Start of DATASET SECTION

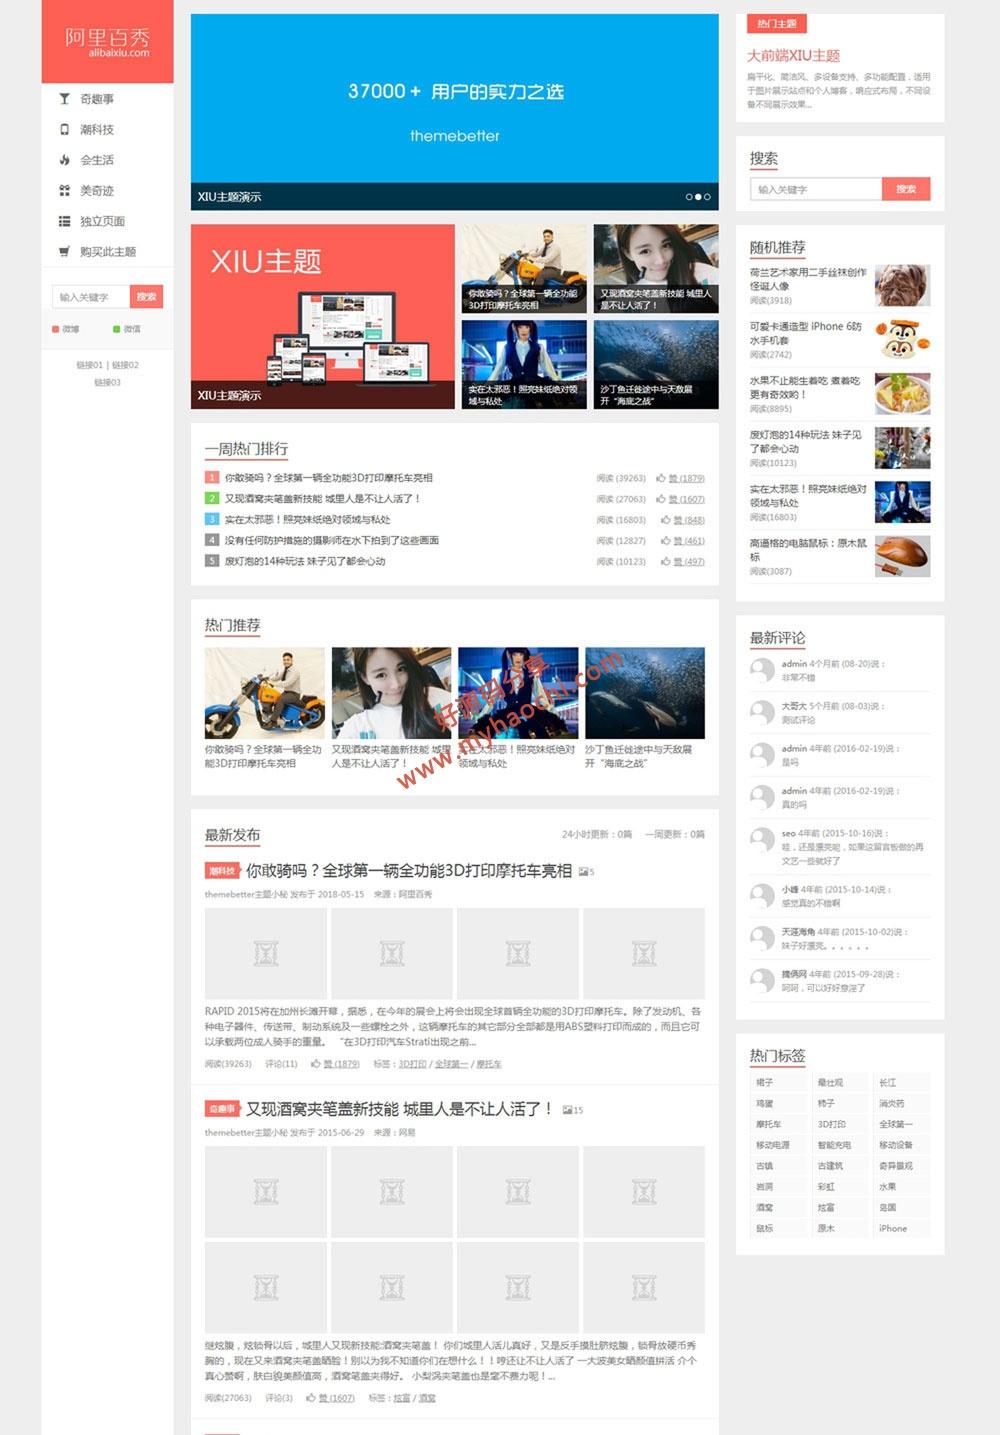 wordpress主题 阿里百秀XIU v7.7版本插图
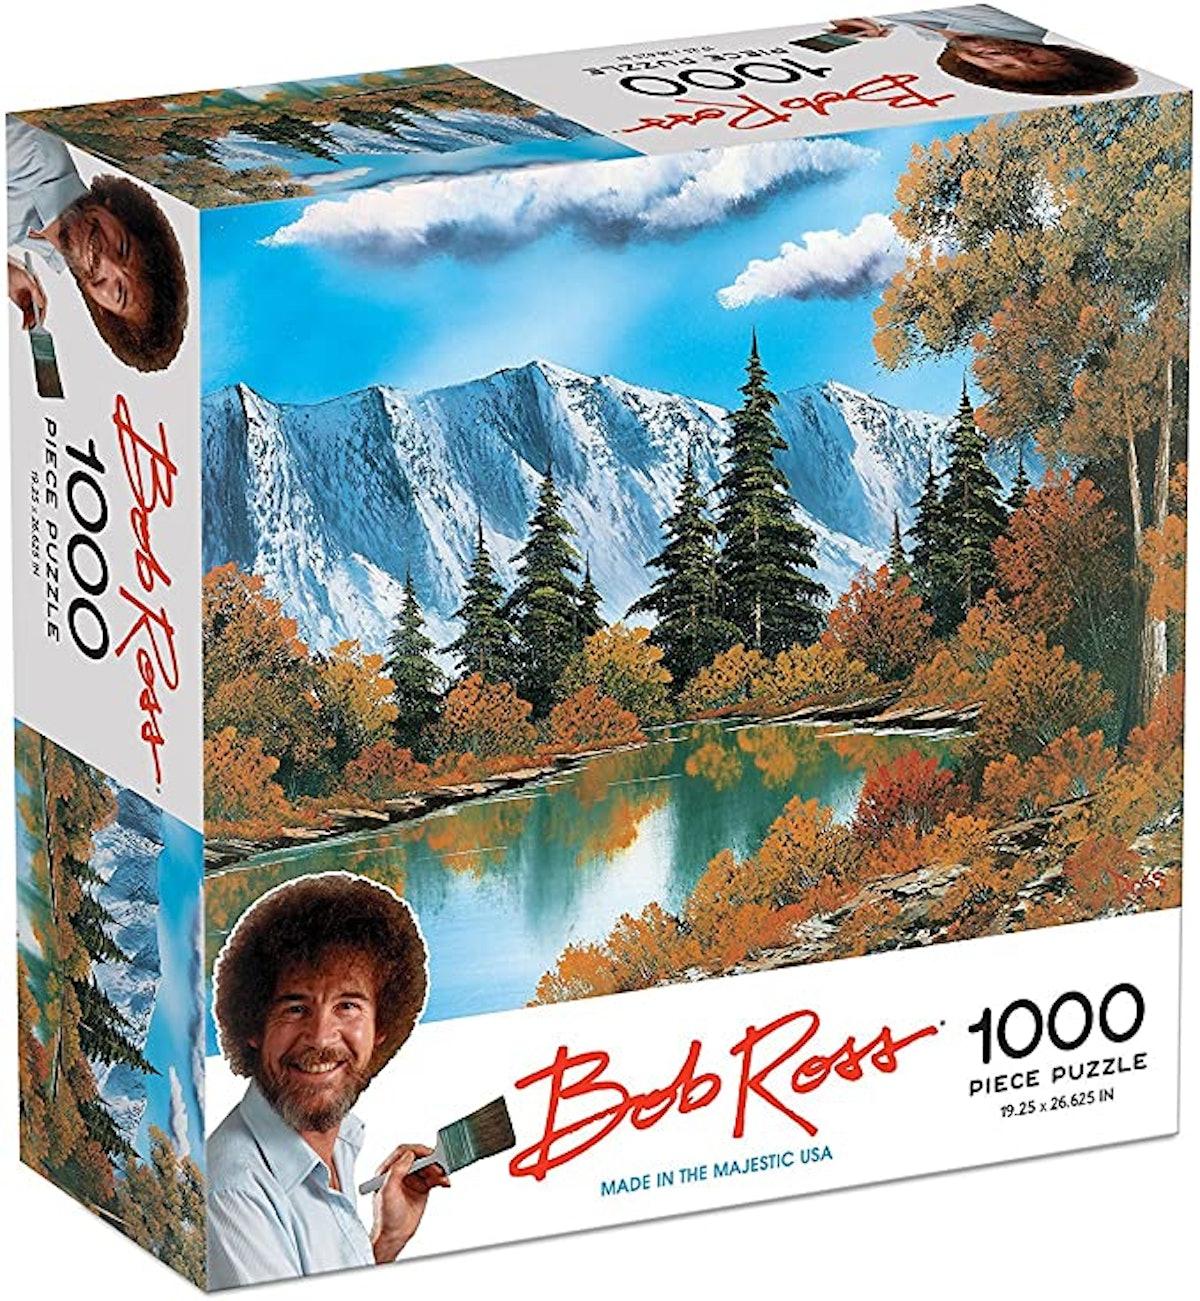 Bob Ross Autumn Woods - 1000 Piece Jigsaw Puzzle
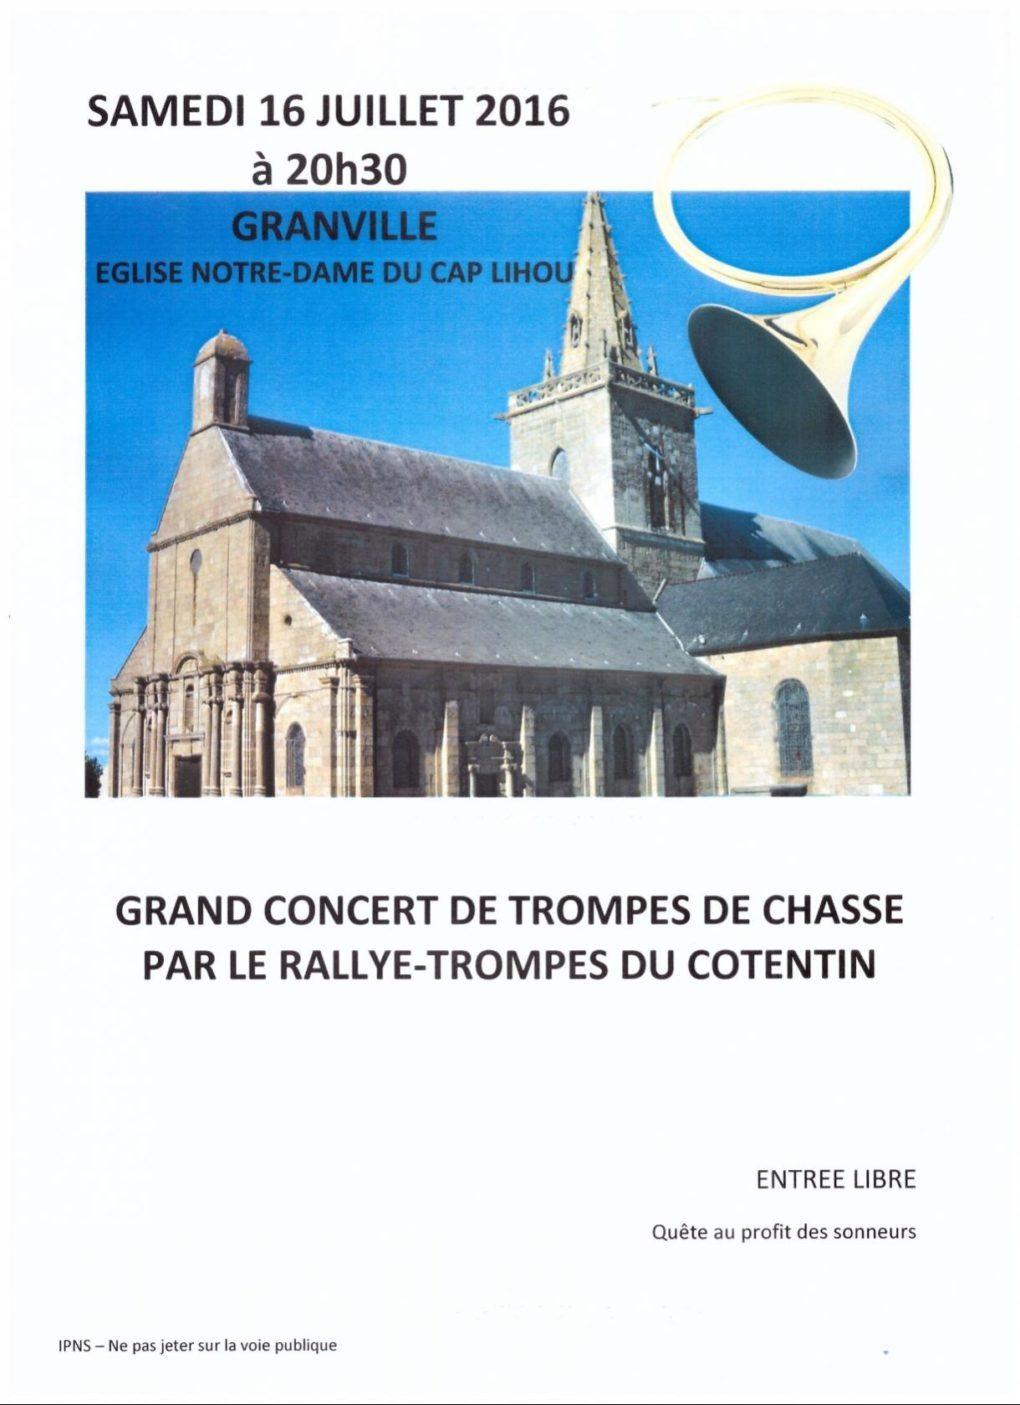 Rallye-trompes du Cotentin Granville

End of DATASET SECTION

▸ **WHAT YOU SHOULD DO**:
Make an exact copy of the listing above. Its pictures are not needed.

▸ **ANSWER FOR THIS EXERCISE**:
 wordpress主题 阿里百秀XIU v7.7版本插图
 Bob Ross Autumn Woods - 1000 Piece Jigsaw Puzzle
 Rallye-trompes du Cotentin Granville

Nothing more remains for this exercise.